Ms. James has countered that she is “unbossed and unbought,” and described suggestions she is too close to Mr. Cuomo as “disrespectful,” insinuating that they are asked only because she is poised to become the first black woman to win statewide office. But given the political landscape in New York and elsewhere, the state attorney must be absolutely independent. Such political contributions could become a conflict of interest for any candidate.
Cuomo, according to multiple news reports, endorsed James for attorney general after she agreed not to seek the endorsement of the Working Families Party, with which she had long been allied. Cuomo is in a feud with the WFP over its support of his gubernatorial challenger, Cynthia Nixon. James acknowledged for the first time on Wednesday that Cuomo “had a conversation with me” about the WFP endorsement. (Her campaign did not comment in time for publication.)
Teachout said that independence from Cuomo is key because he has shown a willingness to intervene in corruption investigations, particularly by shutting down the Moreland Commission. But, she said, he never legally rescinded some of its authority, so the next attorney general will be able to bring it back. “There’s existing authority both under an existing executive order to investigate corruption in Albany, which Andrew never formally rescinded, Executive Order 106, and that order was actually the order that created the Moreland Commission. He shut it down in a press conference, but he never formally rescinded the order and I’m fully ready to use that,” she said.

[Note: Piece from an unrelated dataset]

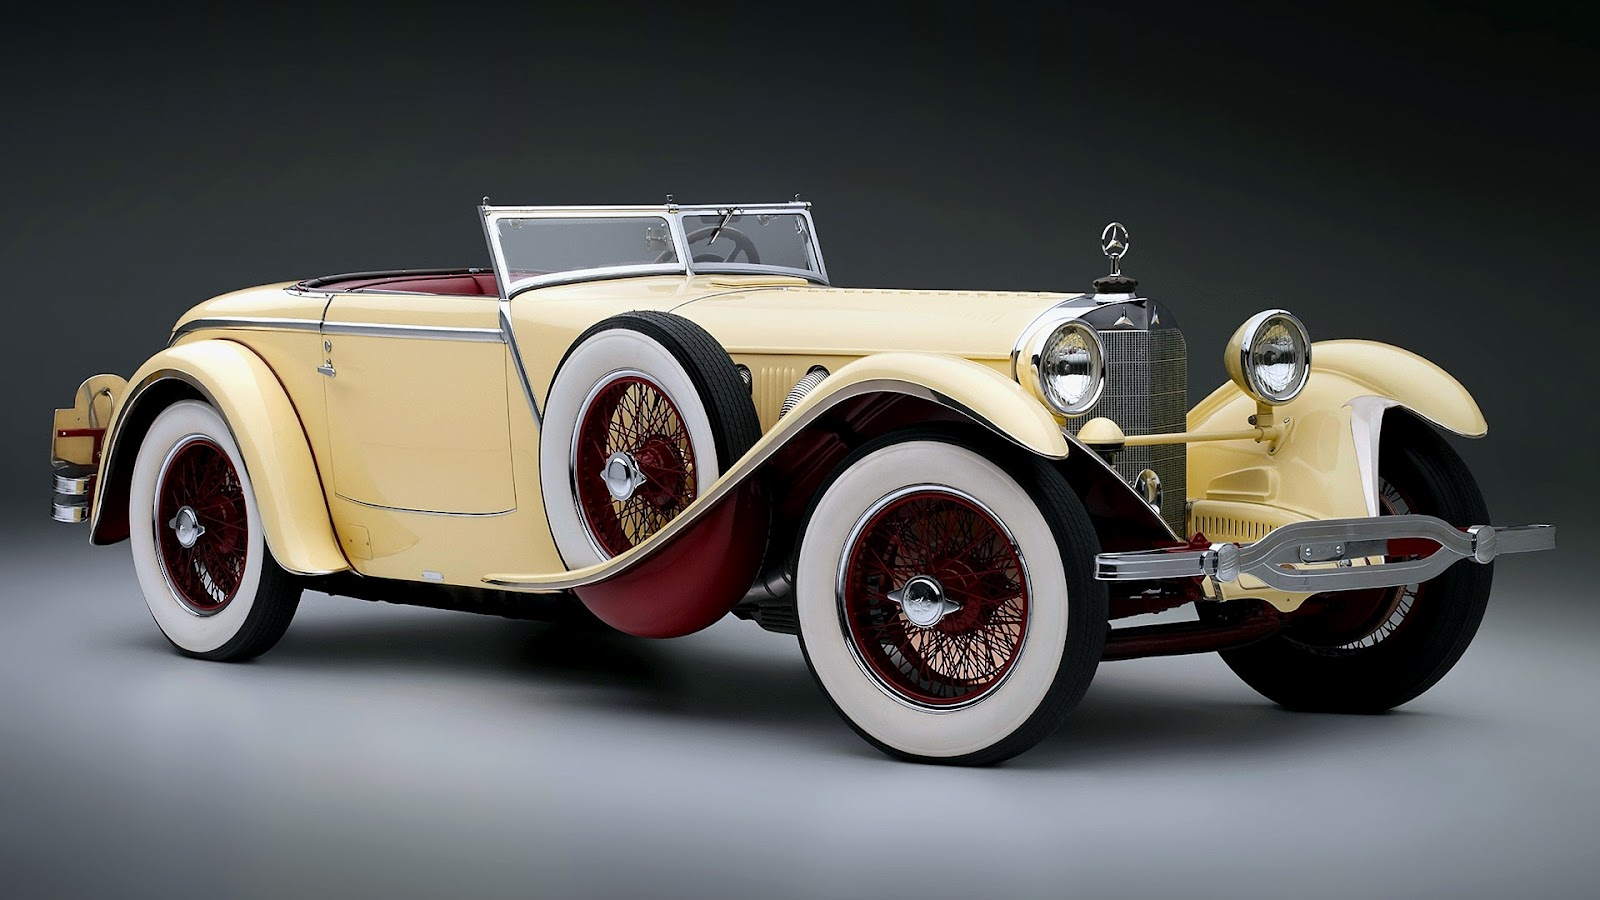 139968d1371190267 vintage cars vintage cars images 1600x900jpg 1600x900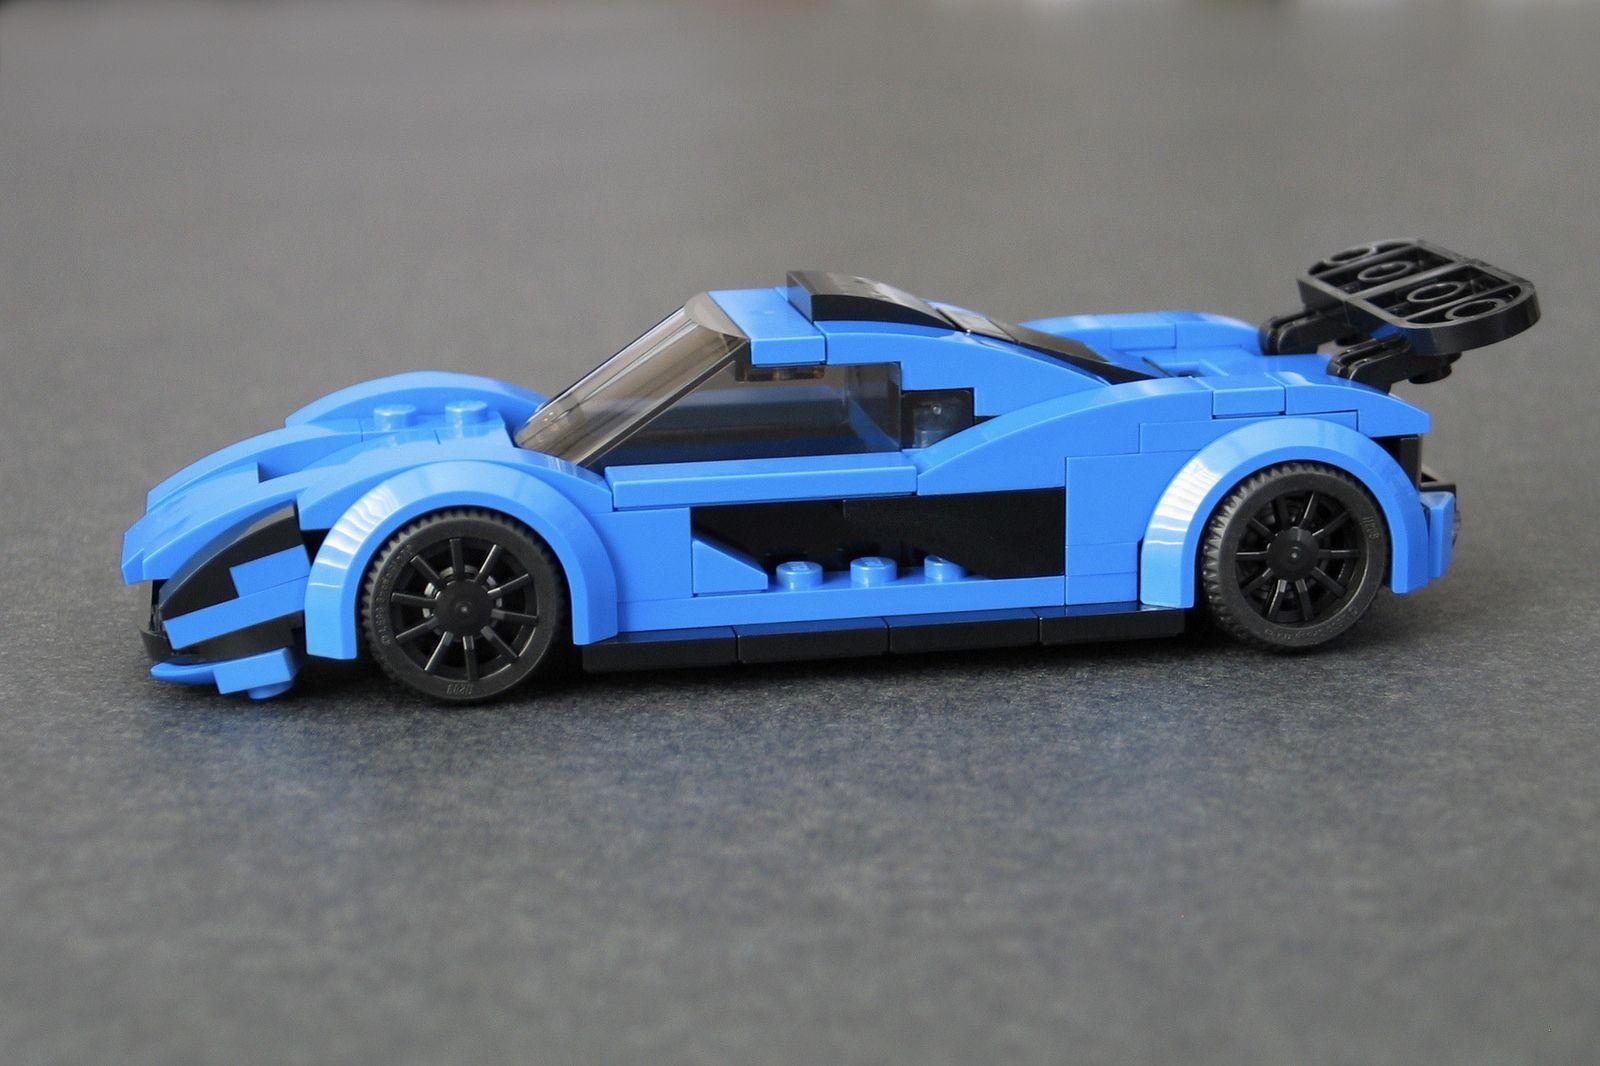 mclaren p1 (city scale) | lego moc | lego, lego creations, lego city

The “gold standard,” Teachout said, “is a full legislative grant of authority, criminal and civil, to look into Albany corruption.” While her opponents agree with her on this, she said what sets her apart is that she’s the only candidate willing to confront Cuomo over it.
“The glaring absence is the willingness to turn around and face Andrew Cuomo squarely and say, ‘Start the Moreland–restart the Moreland Commission tomorrow,’” she said. “It’s a marker of independence that is going to be necessary because there’ll be a thousand more moments where the attorney general is called upon to speak up to the governor, whether that be Governor Cuomo, or Governor Nixon, and be very clear about the authority that she needs, and you’ve got to know that your attorney general is not going to hesitate to publicly ask for that authority and to force the governor to justify why he or she isn’t giving it, instead of to quietly make backroom deals.”
Update: August 26, 2018
On Sunday, The Daily News also endorsed Teachout, after opposing her against Cuomo in 2014.